◆ Exercise instructions:
Print the data exactly as it is given, please.

━━━ Records for this exercise

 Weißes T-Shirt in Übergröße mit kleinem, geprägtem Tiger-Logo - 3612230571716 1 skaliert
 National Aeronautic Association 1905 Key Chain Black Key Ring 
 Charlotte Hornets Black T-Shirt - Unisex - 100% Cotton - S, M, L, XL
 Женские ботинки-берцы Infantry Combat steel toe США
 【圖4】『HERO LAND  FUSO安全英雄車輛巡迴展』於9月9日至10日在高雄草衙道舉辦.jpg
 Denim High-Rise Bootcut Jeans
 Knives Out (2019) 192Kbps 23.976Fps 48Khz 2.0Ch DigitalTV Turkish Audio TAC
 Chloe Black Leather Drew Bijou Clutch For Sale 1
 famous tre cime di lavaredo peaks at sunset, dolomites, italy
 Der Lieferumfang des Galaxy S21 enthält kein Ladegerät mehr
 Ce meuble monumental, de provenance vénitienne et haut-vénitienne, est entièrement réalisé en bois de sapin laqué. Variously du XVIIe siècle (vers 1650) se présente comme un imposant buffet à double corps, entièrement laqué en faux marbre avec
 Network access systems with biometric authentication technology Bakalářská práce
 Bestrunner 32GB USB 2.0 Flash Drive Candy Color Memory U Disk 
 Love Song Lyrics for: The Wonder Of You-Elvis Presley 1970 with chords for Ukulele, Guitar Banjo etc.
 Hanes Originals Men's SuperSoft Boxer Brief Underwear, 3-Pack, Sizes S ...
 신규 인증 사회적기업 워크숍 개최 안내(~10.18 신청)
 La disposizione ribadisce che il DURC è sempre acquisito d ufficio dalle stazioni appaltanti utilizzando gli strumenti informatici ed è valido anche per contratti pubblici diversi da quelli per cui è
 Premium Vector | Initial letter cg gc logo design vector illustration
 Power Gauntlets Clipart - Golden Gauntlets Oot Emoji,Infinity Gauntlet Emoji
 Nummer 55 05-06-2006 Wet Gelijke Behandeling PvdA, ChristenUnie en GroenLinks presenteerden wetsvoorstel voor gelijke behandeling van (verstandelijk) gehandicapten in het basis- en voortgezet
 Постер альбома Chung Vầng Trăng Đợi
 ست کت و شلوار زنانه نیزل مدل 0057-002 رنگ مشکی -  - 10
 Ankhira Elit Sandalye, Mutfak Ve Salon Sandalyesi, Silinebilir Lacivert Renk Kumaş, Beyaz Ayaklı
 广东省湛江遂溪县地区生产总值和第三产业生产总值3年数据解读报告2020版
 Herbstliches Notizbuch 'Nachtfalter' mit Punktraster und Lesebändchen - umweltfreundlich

━━━━━━

◆ Response to this task:
 Weißes T-Shirt in Übergröße mit kleinem, geprägtem Tiger-Logo - 3612230571716 1 skaliert
 National Aeronautic Association 1905 Key Chain Black Key Ring 
 Charlotte Hornets Black T-Shirt - Unisex - 100% Cotton - S, M, L, XL
 Женские ботинки-берцы Infantry Combat steel toe США
 【圖4】『HERO LAND  FUSO安全英雄車輛巡迴展』於9月9日至10日在高雄草衙道舉辦.jpg
 Denim High-Rise Bootcut Jeans
 Knives Out (2019) 192Kbps 23.976Fps 48Khz 2.0Ch DigitalTV Turkish Audio TAC
 Chloe Black Leather Drew Bijou Clutch For Sale 1
 famous tre cime di lavaredo peaks at sunset, dolomites, italy
 Der Lieferumfang des Galaxy S21 enthält kein Ladegerät mehr
 Ce meuble monumental, de provenance vénitienne et haut-vénitienne, est entièrement réalisé en bois de sapin laqué. Variously du XVIIe siècle (vers 1650) se présente comme un imposant buffet à double corps, entièrement laqué en faux marbre avec
 Network access systems with biometric authentication technology Bakalářská práce
 Bestrunner 32GB USB 2.0 Flash Drive Candy Color Memory U Disk 
 Love Song Lyrics for: The Wonder Of You-Elvis Presley 1970 with chords for Ukulele, Guitar Banjo etc.
 Hanes Originals Men's SuperSoft Boxer Brief Underwear, 3-Pack, Sizes S ...
 신규 인증 사회적기업 워크숍 개최 안내(~10.18 신청)
 La disposizione ribadisce che il DURC è sempre acquisito d ufficio dalle stazioni appaltanti utilizzando gli strumenti informatici ed è valido anche per contratti pubblici diversi da quelli per cui è
 Premium Vector | Initial letter cg gc logo design vector illustration
 Power Gauntlets Clipart - Golden Gauntlets Oot Emoji,Infinity Gauntlet Emoji
 Nummer 55 05-06-2006 Wet Gelijke Behandeling PvdA, ChristenUnie en GroenLinks presenteerden wetsvoorstel voor gelijke behandeling van (verstandelijk) gehandicapten in het basis- en voortgezet
 Постер альбома Chung Vầng Trăng Đợi
 ست کت و شلوار زنانه نیزل مدل 0057-002 رنگ مشکی -  - 10
 Ankhira Elit Sandalye, Mutfak Ve Salon Sandalyesi, Silinebilir Lacivert Renk Kumaş, Beyaz Ayaklı
 广东省湛江遂溪县地区生产总值和第三产业生产总值3年数据解读报告2020版
 Herbstliches Notizbuch 'Nachtfalter' mit Punktraster und Lesebändchen - umweltfreundlich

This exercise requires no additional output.